**Brief**
Below, locate the line that contains "This collection of". Repeat exactly from that line to the line that contains "Each charger is", inclusive, leaving out the pictures.

**Supplied entries**
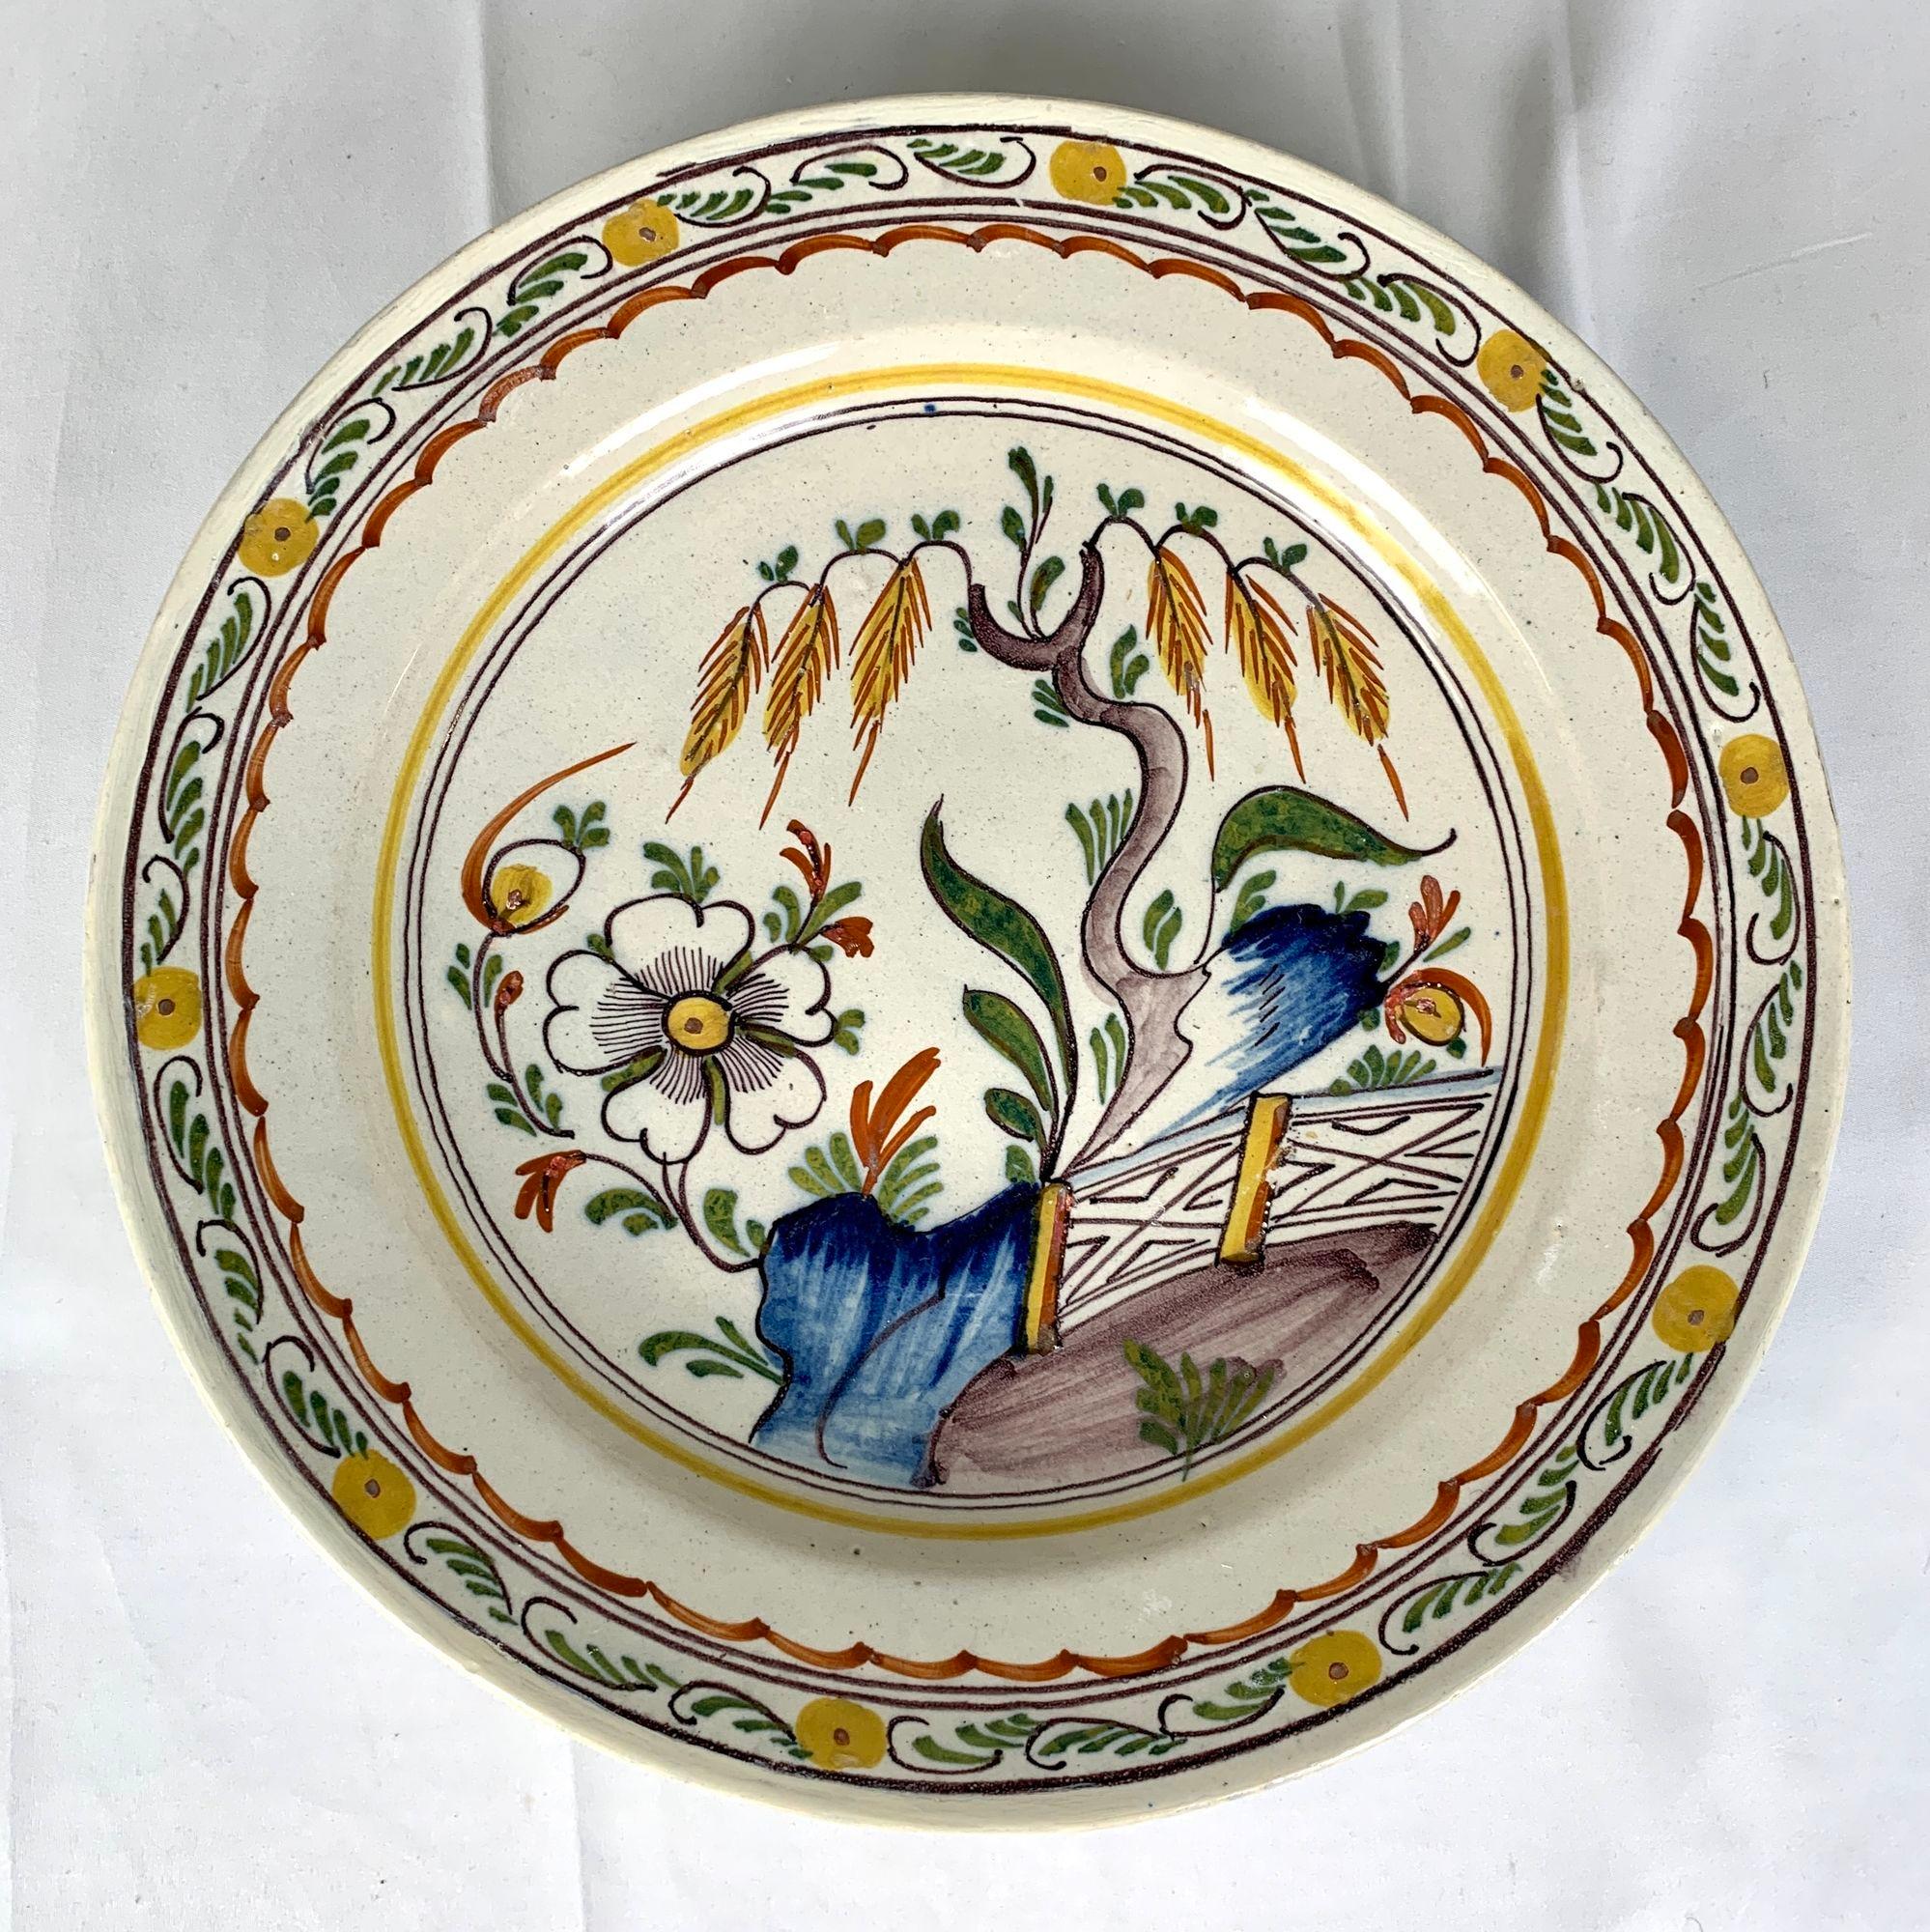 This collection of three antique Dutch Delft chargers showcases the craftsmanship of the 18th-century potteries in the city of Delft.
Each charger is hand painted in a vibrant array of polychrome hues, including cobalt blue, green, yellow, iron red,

* * *

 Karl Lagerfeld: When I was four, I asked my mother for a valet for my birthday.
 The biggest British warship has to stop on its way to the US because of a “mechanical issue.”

...

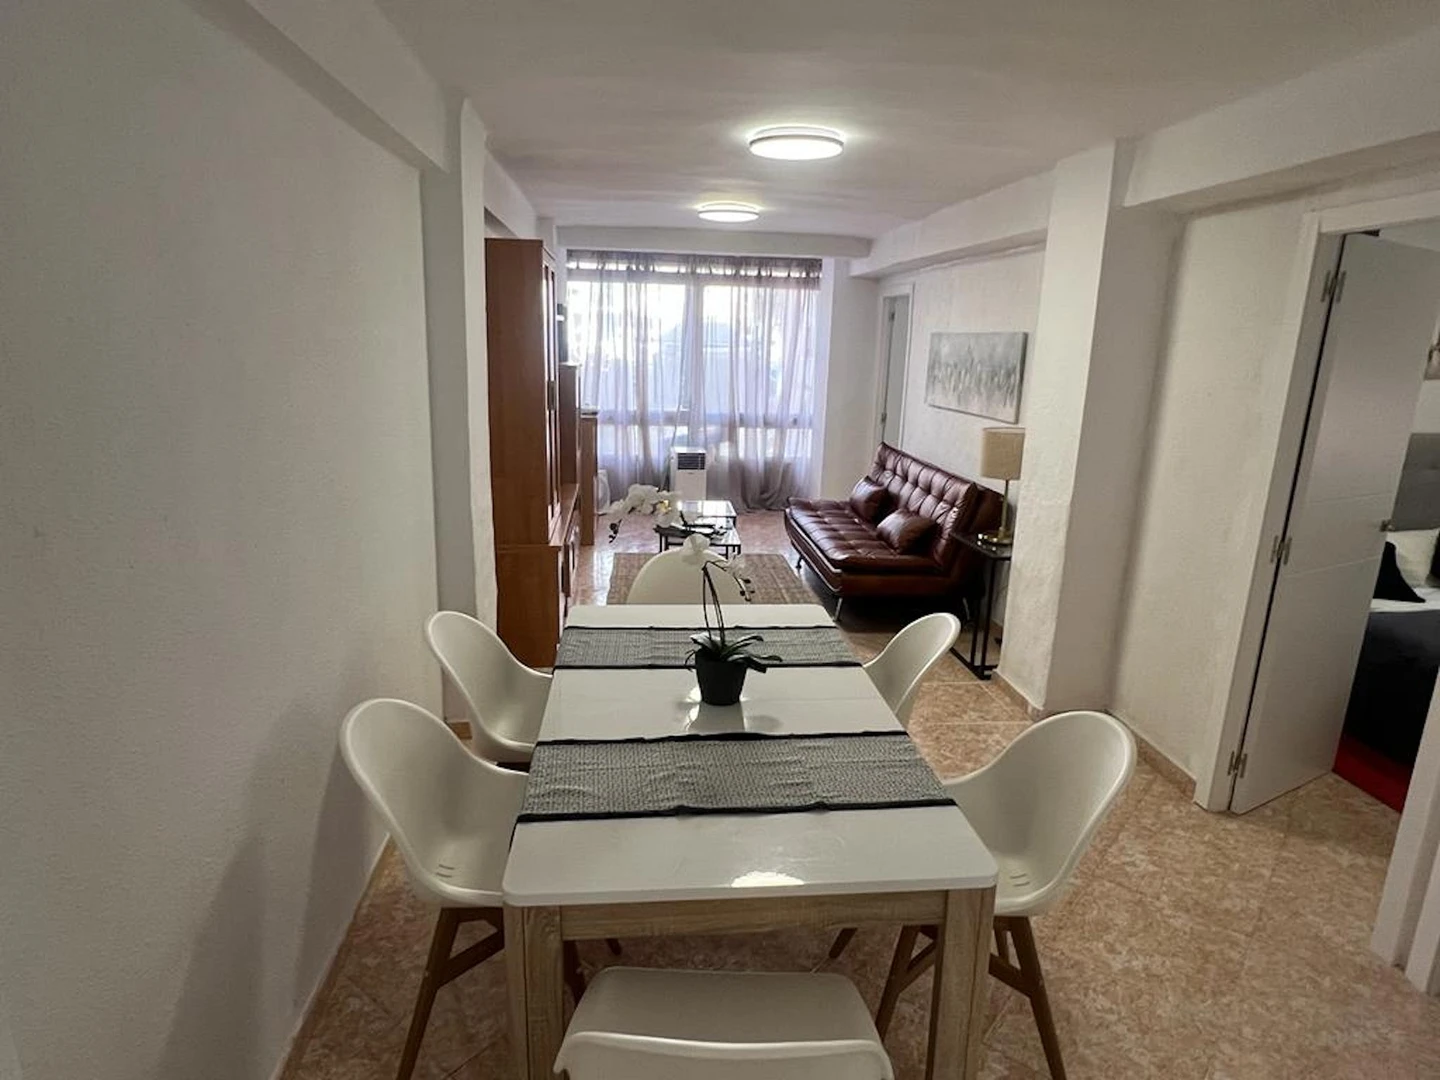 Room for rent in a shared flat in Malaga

**Solution for this task**
 This collection of three antique Dutch Delft chargers showcases the craftsmanship of the 18th-century potteries in the city of Delft.
Each charger is hand painted in a vibrant array of polychrome hues, including cobalt blue, green, yellow, iron red,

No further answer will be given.